Given the clear quality drop off in your data, using just the forward reads alone should be considered. Since that takes out the merging step I don't understand how it "did not resolve the problem" -- could you clarify?

mosabdel commented 2 months ago

Hi Benjineb, Thanks for your message, The length of my sequence amplicon was300 bp for R and F. I use the --o-trimmed-sequences soil-paired-demux-trimmed.qza for denoising using the F reads only and ignore the R one, qiime dada2 denoise-single --i-demultiplexed-seqs /home/mosabdel/Mim/soil-paired-demux-trimmed.qza --p-trim-left 0 --p-trunc-len 250 --o-denoising-stats /home/mosabdel/Mim/dada2-denoising-stats.qza --o-table /home/mosabdel/Mim/dada2-table.qza --o-representative-sequences /home/mosabdel/Mim/dada2-rep-seqs.qza --p-n-threads 24 --verbose but this approach did not works as mentioned early (I don't know the reason) !! ########### Thus, I run again the analysis with single F reads and this relatively works and provide number of reads for further downstream analysis considering the low quality of the seq.

Step 1

qiime tools import \ --type 'SampleData[SequencesWithQuality]' \ --input-path /home/mosabdel/Mim/soil-manifest1.csv \ --input-format SingleEndFastqManifestPhred33 \ --output-path /home/mosabdel/Mim/soil-single-end-demux.qza

Step 2:

qiime tools peek /home/mosabdel/Mim/soil-single-end-demux.qza

Summarize the reads

qiime demux summarize \ --i-data /home/mosabdel/Mim/soil-single-end-demux.qza \ --o-visualization /home/mosabdel/Mim/soil-single-end-demux.qzv

Step 3:

qiime cutadapt trim-single \ --i-demultiplexed-sequences /home/mosabdel/Mim/soil-single-end-demux.qza \ --p-adapter "TCGTCGGCAGCGTCAGATGTGTATAAGAGACAG" \ --p-front "CCTACGGGNGGCWGCAG" \ --o-trimmed-sequences /home/mosabdel/Mim/soil-single-demux-trimmed.qza

Summarize the trimmed reads

qiime demux summarize \ --i-data /home/mosabdel/Mim/soil-single-demux-trimmed.qza \ --o-visualization /home/mosabdel/Mim/soil-single-demux-trimmed.qzv

Step 4: DADA2 denoising using single-end reads

qiime dada2 denoise-single \ --i-demultiplexed-seqs /home/mosabdel/Mim/soil-single-demux-trimmed.qza \ --p-trim-left 0 \ --p-trunc-len 260 \ --o-denoising-stats /home/mosabdel/Mim/dada2-denoising-stats.qza \ --o-table /home/mosabdel/Mim/dada2-table.qza \ --o-representative-sequences /home/mosabdel/Mim/dada2-rep-seqs.qza \ --p-n-threads 24 \ --verbose image How do you think? Thanks again for your time and help.

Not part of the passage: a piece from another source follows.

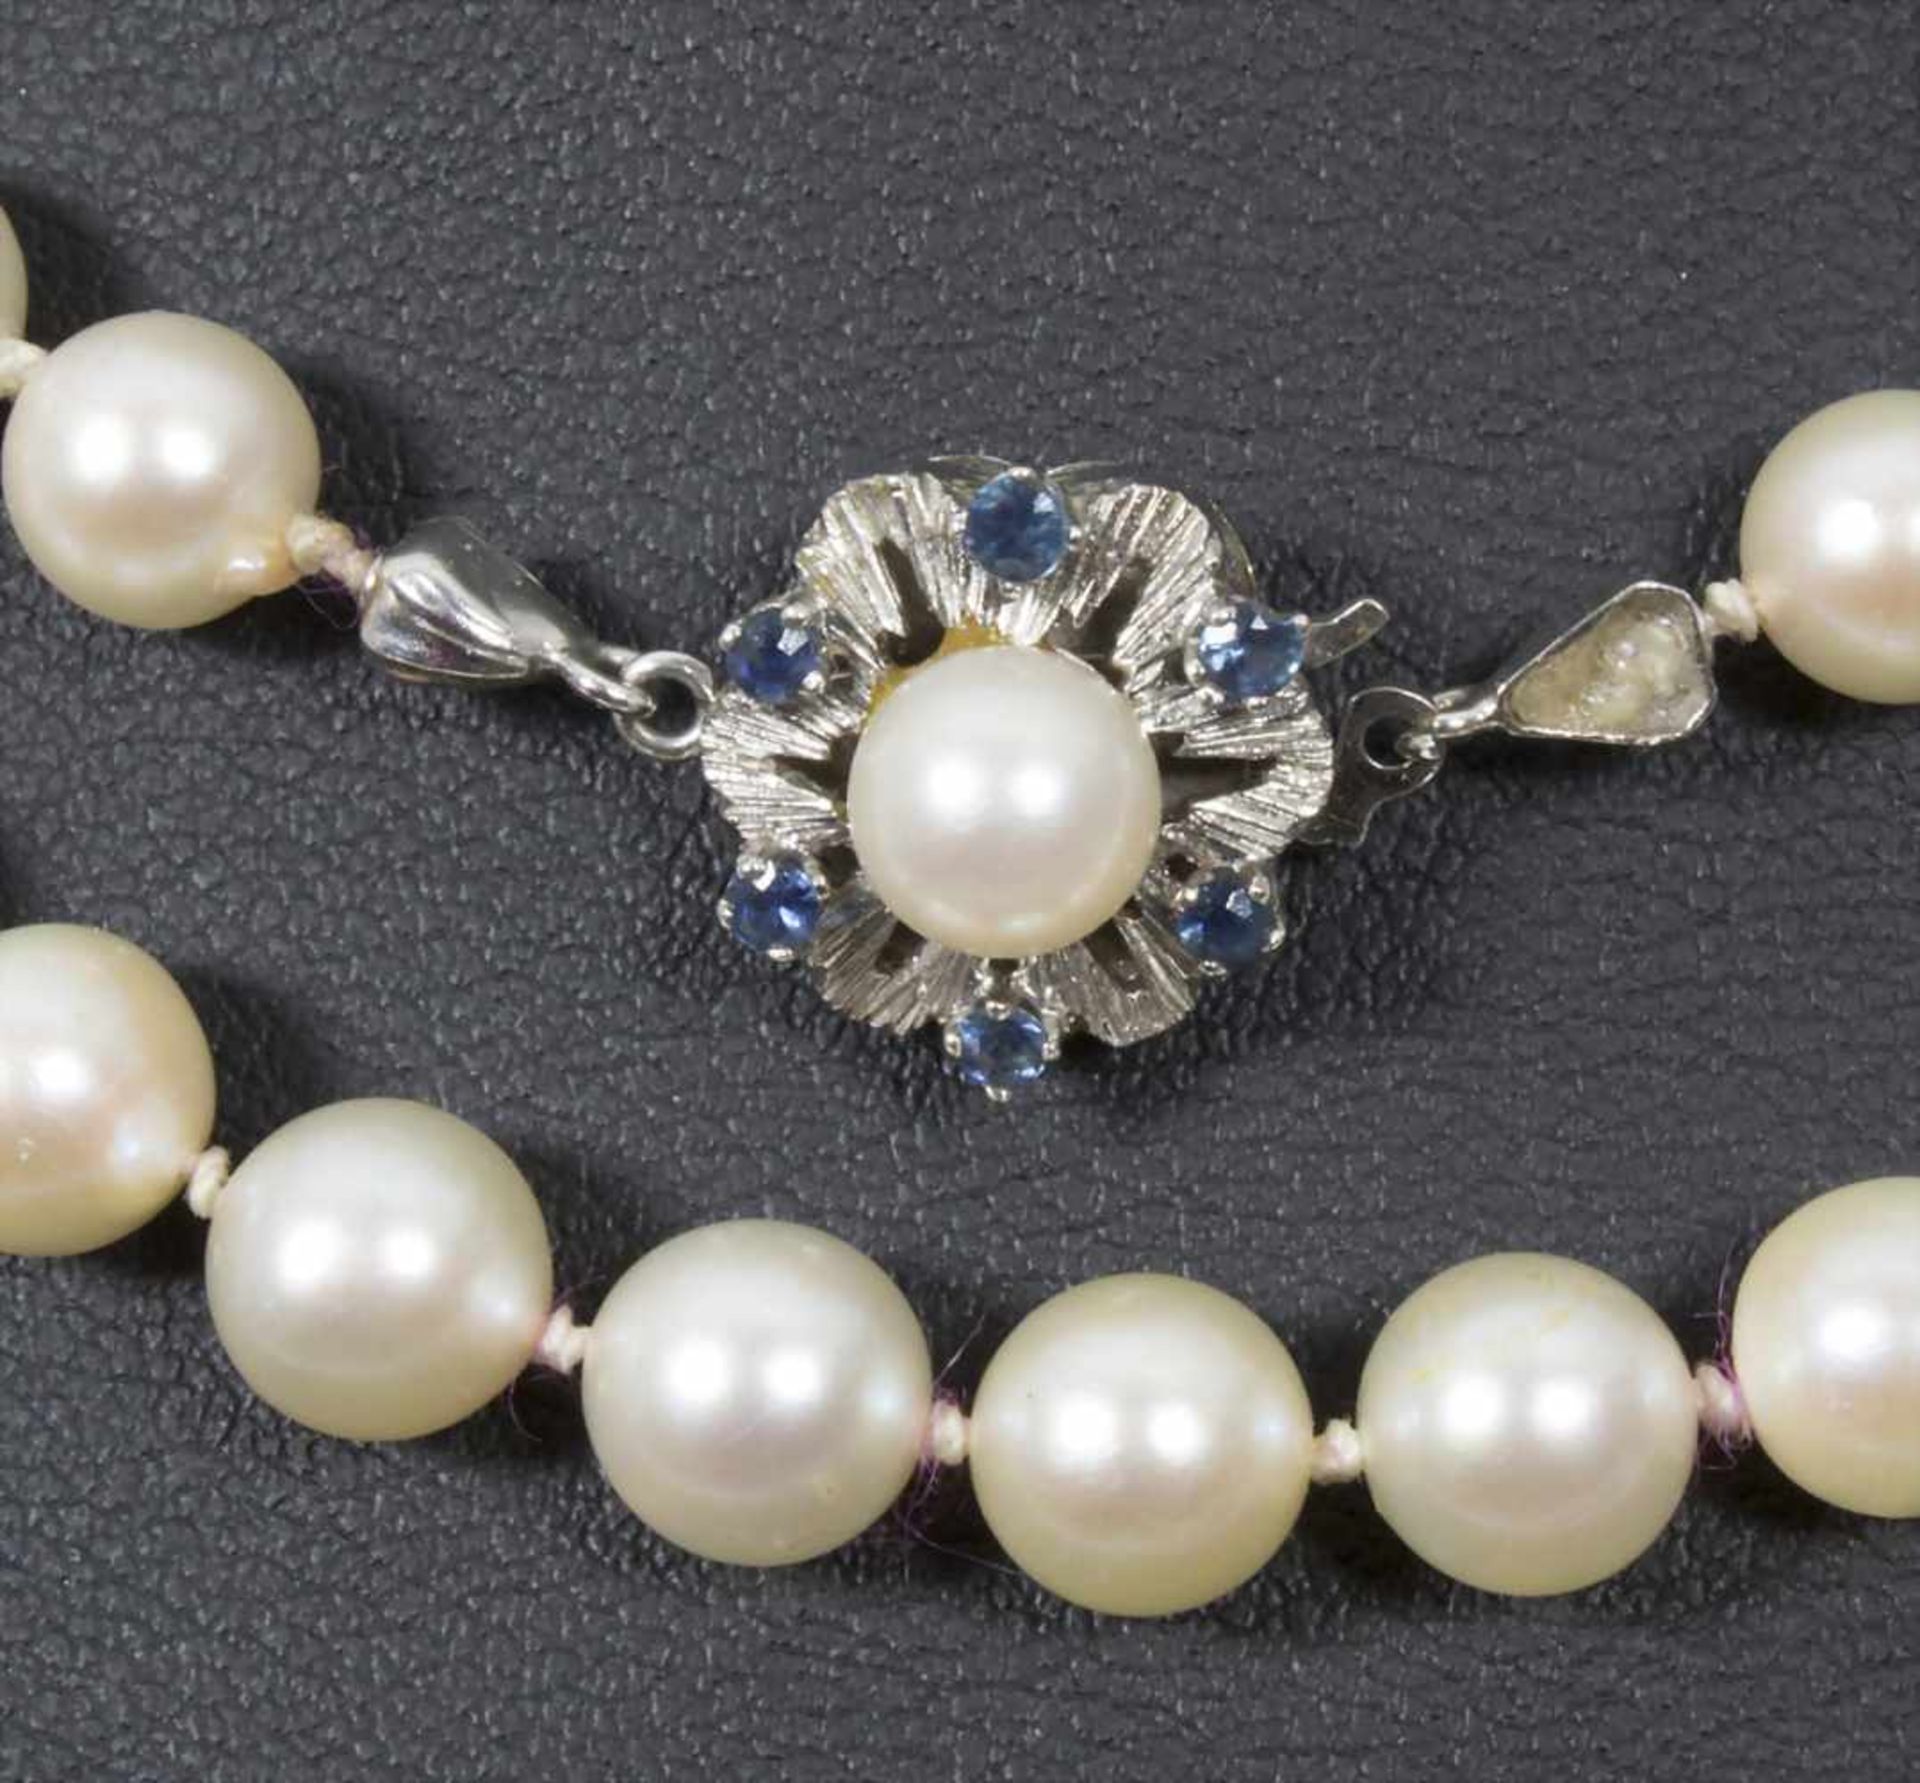 2 Perlenketten / Two pearl necklacesMaterial: Perlen einzeln geknotet, Verschluss Weißgold WG 585/ - Bild 2 aus 5

benjjneb commented 2 months ago

How do you think? Thanks again for your time and help.

It doesn't raise any red flags. Obviously you are using a big chunk of your reads, but that isn't due to a fundamental issue in the data workflow, it's because the read quality is low leading to ~half lost at filtering, and some more at denoising. That kind of read loss isn't necessarily a bad thing -- keeping a lot of low quality reads can lead to worse estimates of community composition than just looking at a more modest number of high quality reads.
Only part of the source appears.